[Information shown]:

<<<<

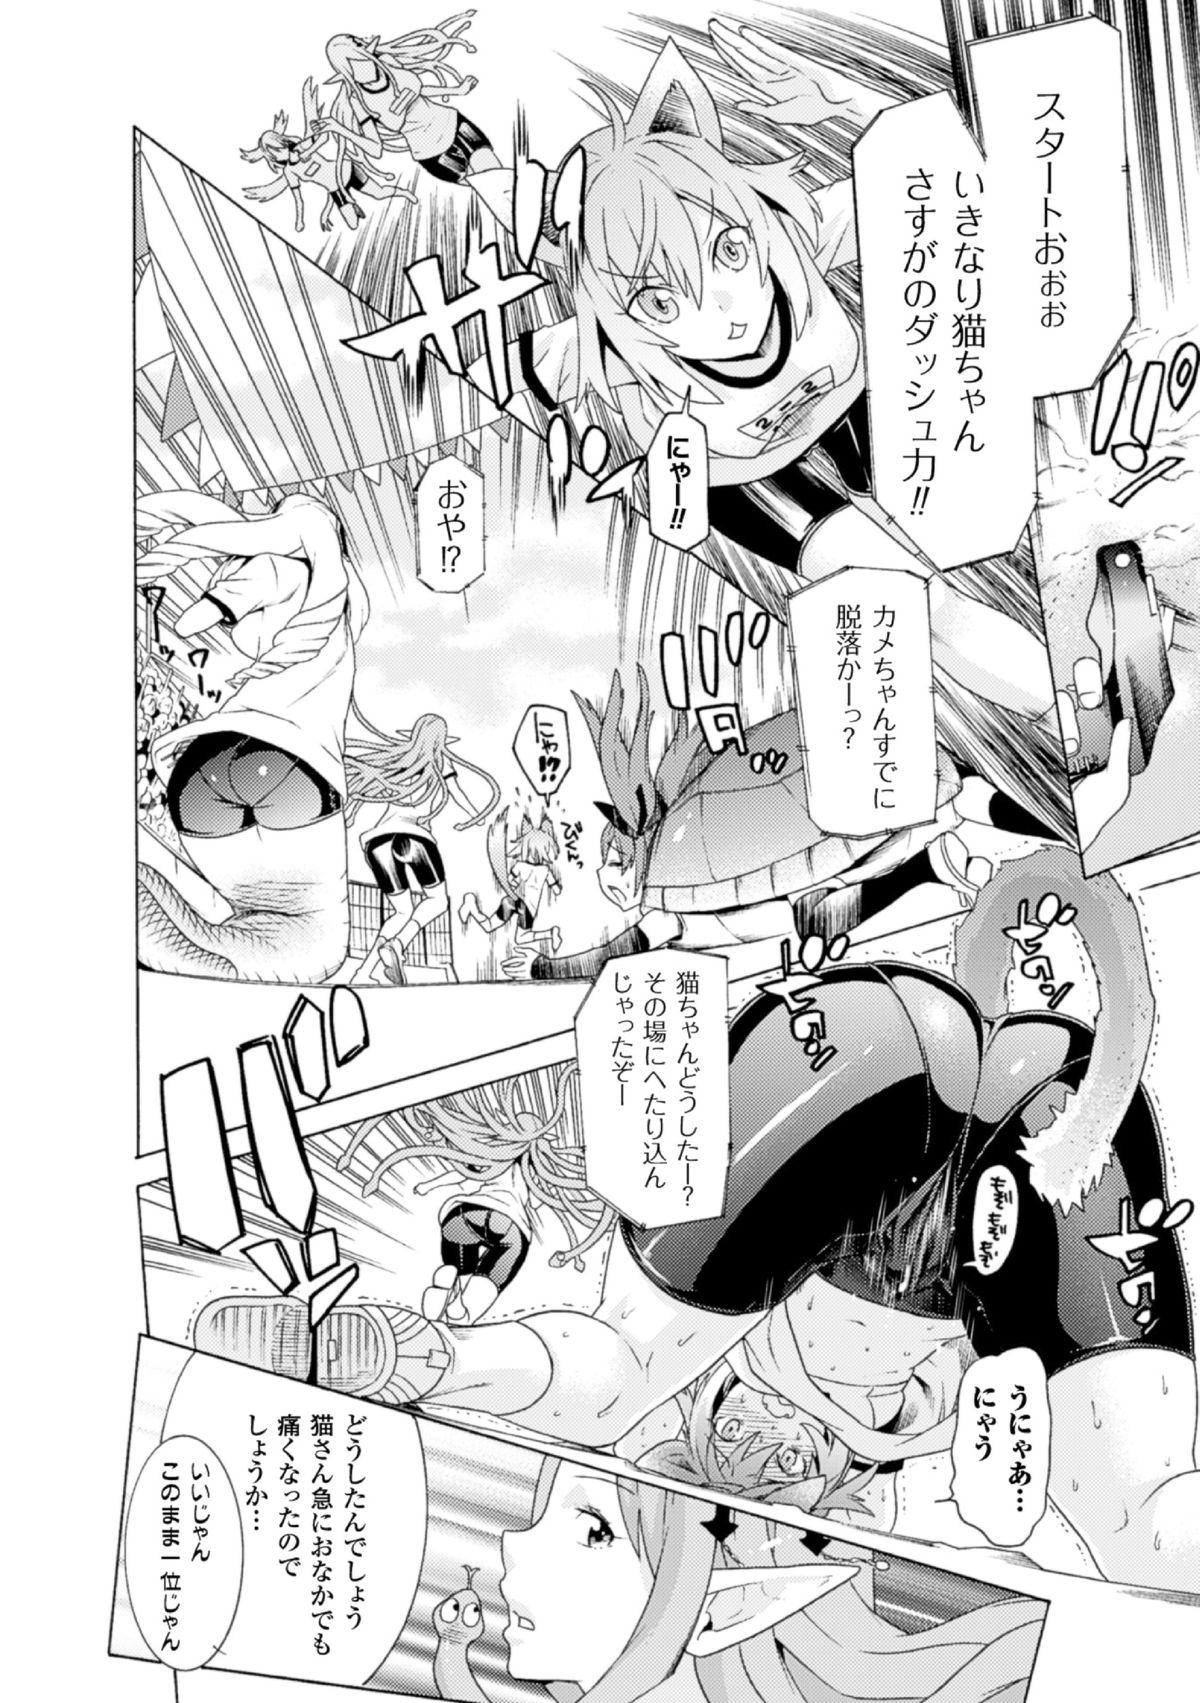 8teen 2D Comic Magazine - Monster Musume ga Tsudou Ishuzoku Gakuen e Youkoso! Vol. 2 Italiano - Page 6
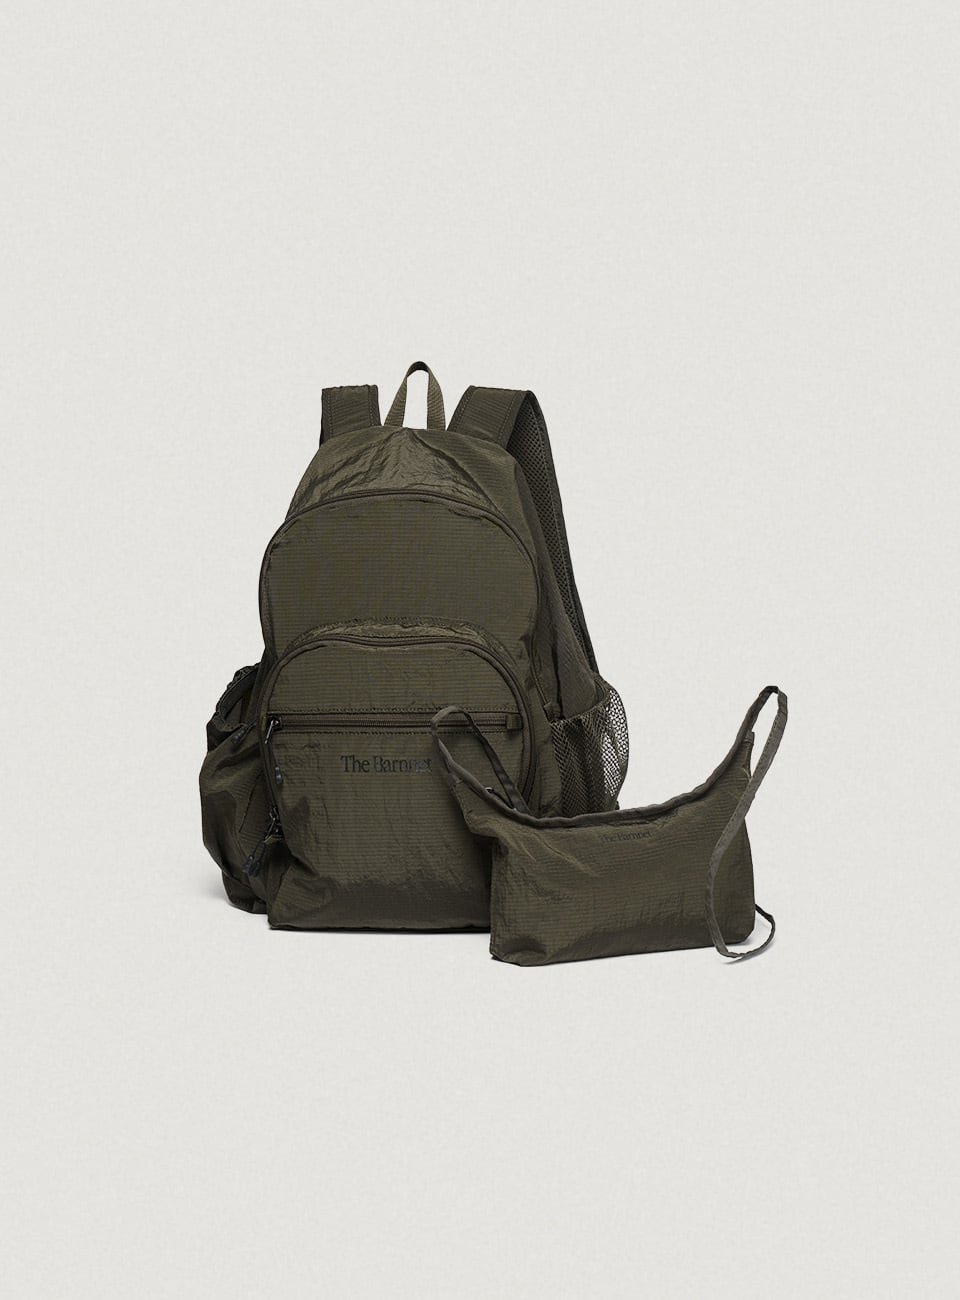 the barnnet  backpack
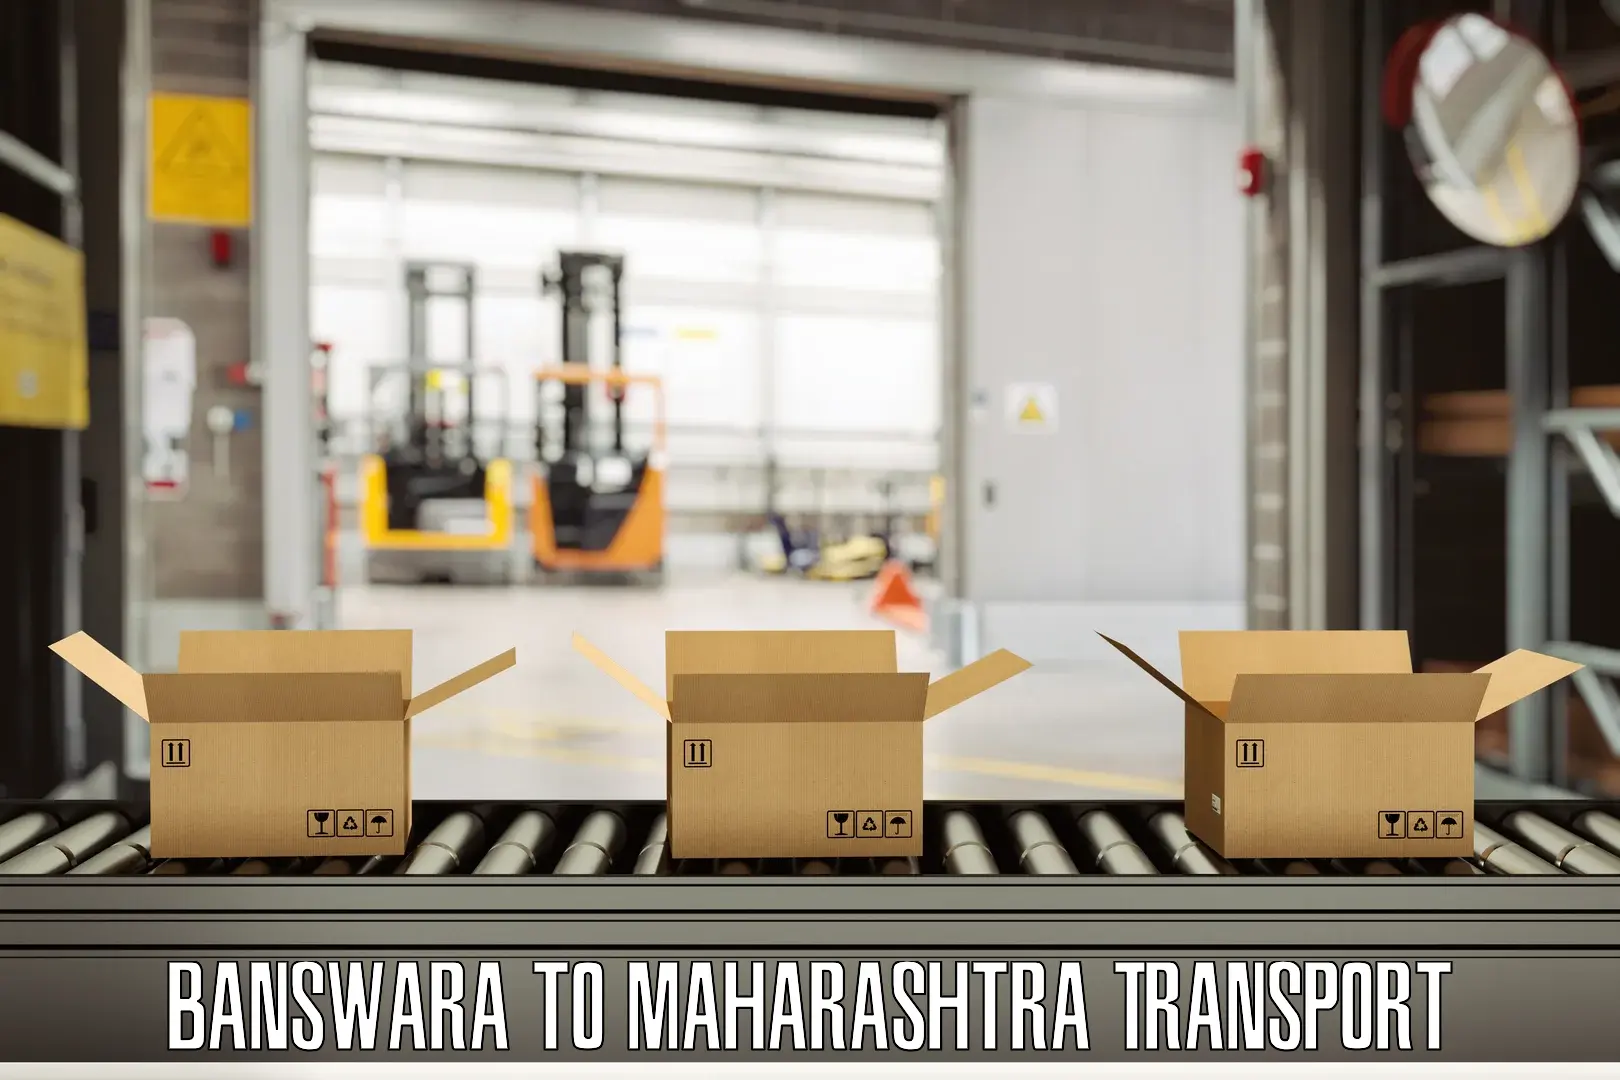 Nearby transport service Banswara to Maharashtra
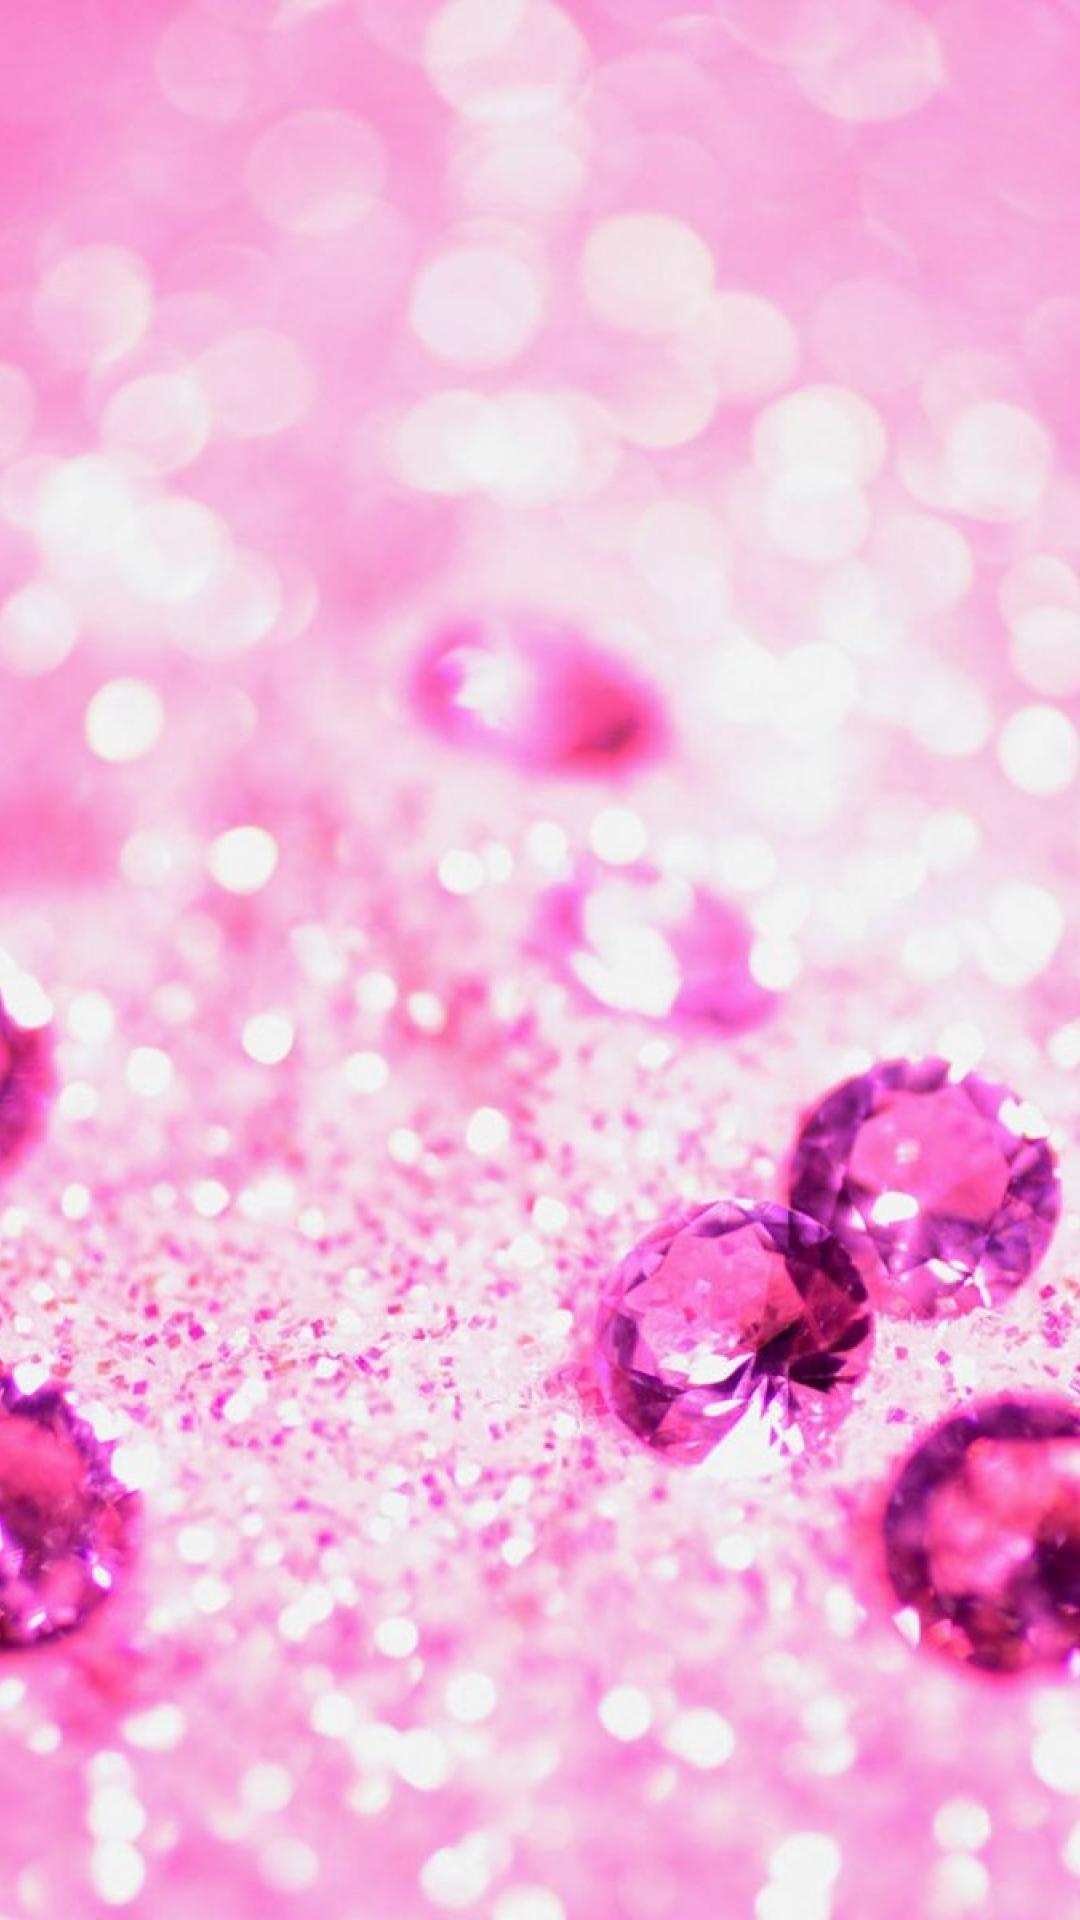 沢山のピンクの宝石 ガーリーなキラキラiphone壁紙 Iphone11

>>>>

Print the data exactly as written, dropping any images it holds.

 8teen 2D Comic Magazine - Monster Musume ga Tsudou Ishuzoku Gakuen e Youkoso! Vol. 2 Italiano - Page 6
 the barnnet  backpack
 Nearby transport service Banswara to Maharashtra
 沢山のピンクの宝石 ガーリーなキラキラiphone壁紙 Iphone11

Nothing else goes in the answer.